Unlocking Therapeutic Potential: Harnessing Extracellular Vesicles and miRNAs to Combat Muscle Wasting Disorders

Approximately 40% of the human body’s mass is comprised of skeletal muscle, making it the largest organ in the human body. These muscles play a crucial role in providing stability, supporting movement, and maintaining the integrity of internal organs. Importantly, skeletal muscles possess the inherent ability to grow and regenerate, whether in response to injury or as a result of physiological conditions such as exercise. This study explores the intrinsic regenerative capabilities of skeletal muscle and their potential application in addressing chronic muscle illnesses, muscle wasting associated with aging, and specific neuromuscular pathologies like Duchenne muscular dystrophy (DMD). There is presently no cure for such muscle wasting conditions, but a potential solution involves utilizing stem cell therapy. Nevertheless, before therapeutic applications can be considered viable, challenges like limited accessibility, regulation of cell destiny, and paracrine effects on the host tissue must be tackled. Therefore, current research is focusing more on the potential of cell-free therapeutics, including the abundance of extracellular vesicles (EVs) and their cargo in the skeletal muscle niche. Our research focuses on EVs, which include exosomes, microvesicles, and apoptotic bodies, which play a crucial role in intercellular communication. We identify key microRNAs (miRNAs/miRs) within the EVs that could serve as therapeutic targets, as well as utilize EVs as delivery vehicles.

In the first aspect of our research, we analyzed the content of extracellular vesicles derived from animal models with muscle hypertrophy and wasting due to a chronic disease and aging. Through transcriptome, protein cargo, and miRNA analysis, we identified a hypertrophic miRNA signature, including miR-1 and miR-208a, with potential applications in mitigating muscle wasting. In vitro experiments using mesoangioblasts (MABs), adult stem cells associated with blood vessels, showed an increased efficiency in myogenic differentiation when exposed to this signature. Furthermore, we administered these miRNA-treated MABs into the leg muscles of immunodeficient mice undergoing muscle injury and age-related deterioration, resulting in improved muscle weight and cross-sectional area. Our findings demonstrate that miRNAs originating from EVs replicate the muscle-enhancing effects observed in a mouse model of muscle hypertrophy.

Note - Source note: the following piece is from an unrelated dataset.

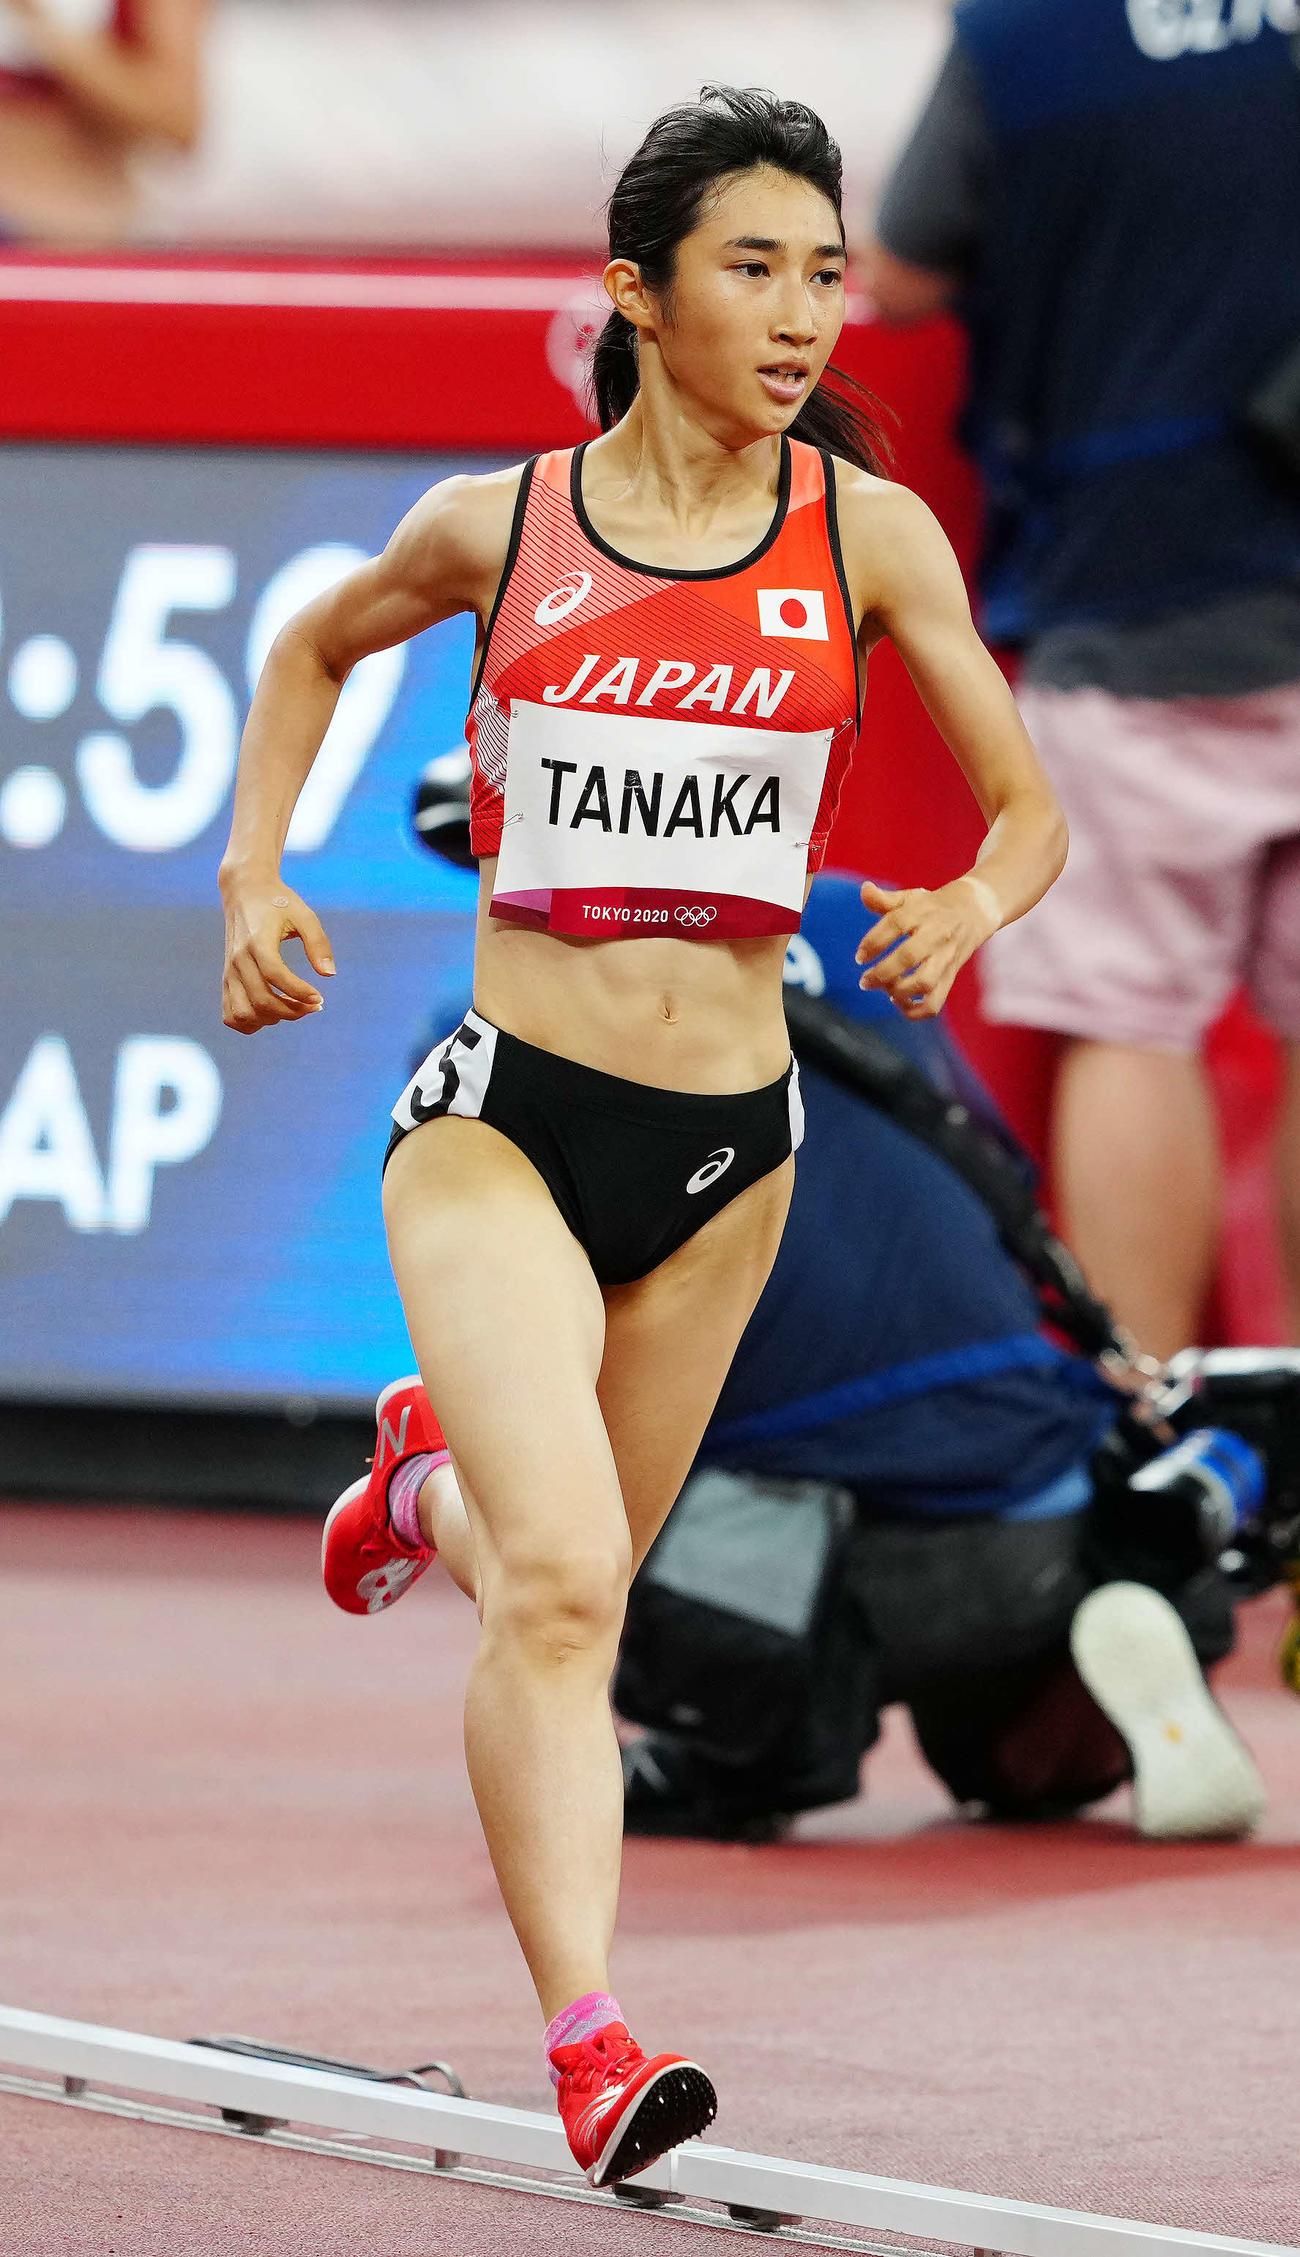 2020年東京五輪 陸上女子1500メートル決勝 力走する田中希実(2021年8月6日撮影)

In the second part of our study, we focused on using small EVs (<200 nm) as delivery vehicles for potent molecules, particularly miRNAs, to address muscle-related pathologies, specifically muscular dystrophy. We identified a novel pro-myogenic miRNA cocktail (miRNA-146b and miRNA-212) and tested its efficacy on myoblasts, including those derived from DMD and isogenic control induced pluripotent stem cells (iPSCs). Furthermore, we explored the use of EVs as delivery vehicles for these miRNAs, with comparisons indicating superior efficiency over synthetic nanoparticles. Our study also ventures into in vivo applications, demonstrating successful delivery of the pro-myogenic miRNA combination to the hindlimb muscles of immunodeficient β-sarcoglycan-null mice using custom-engineered EVs. Additionally, we expanded our investigations into three-dimensional (3D) cell culture, employing iPSC-derived skeletal muscle spheroids to better replicate real tissue conditions.

Overall, this research sheds light on the therapeutic potential of extracellular vesicles and their miRNA cargo in promoting muscle regeneration. The identified miRNA signatures, delivery mechanisms using EVs, and insights from 3D cell culture models collectively contribute to advancing cell-free therapeutics for various muscle-related pathologies.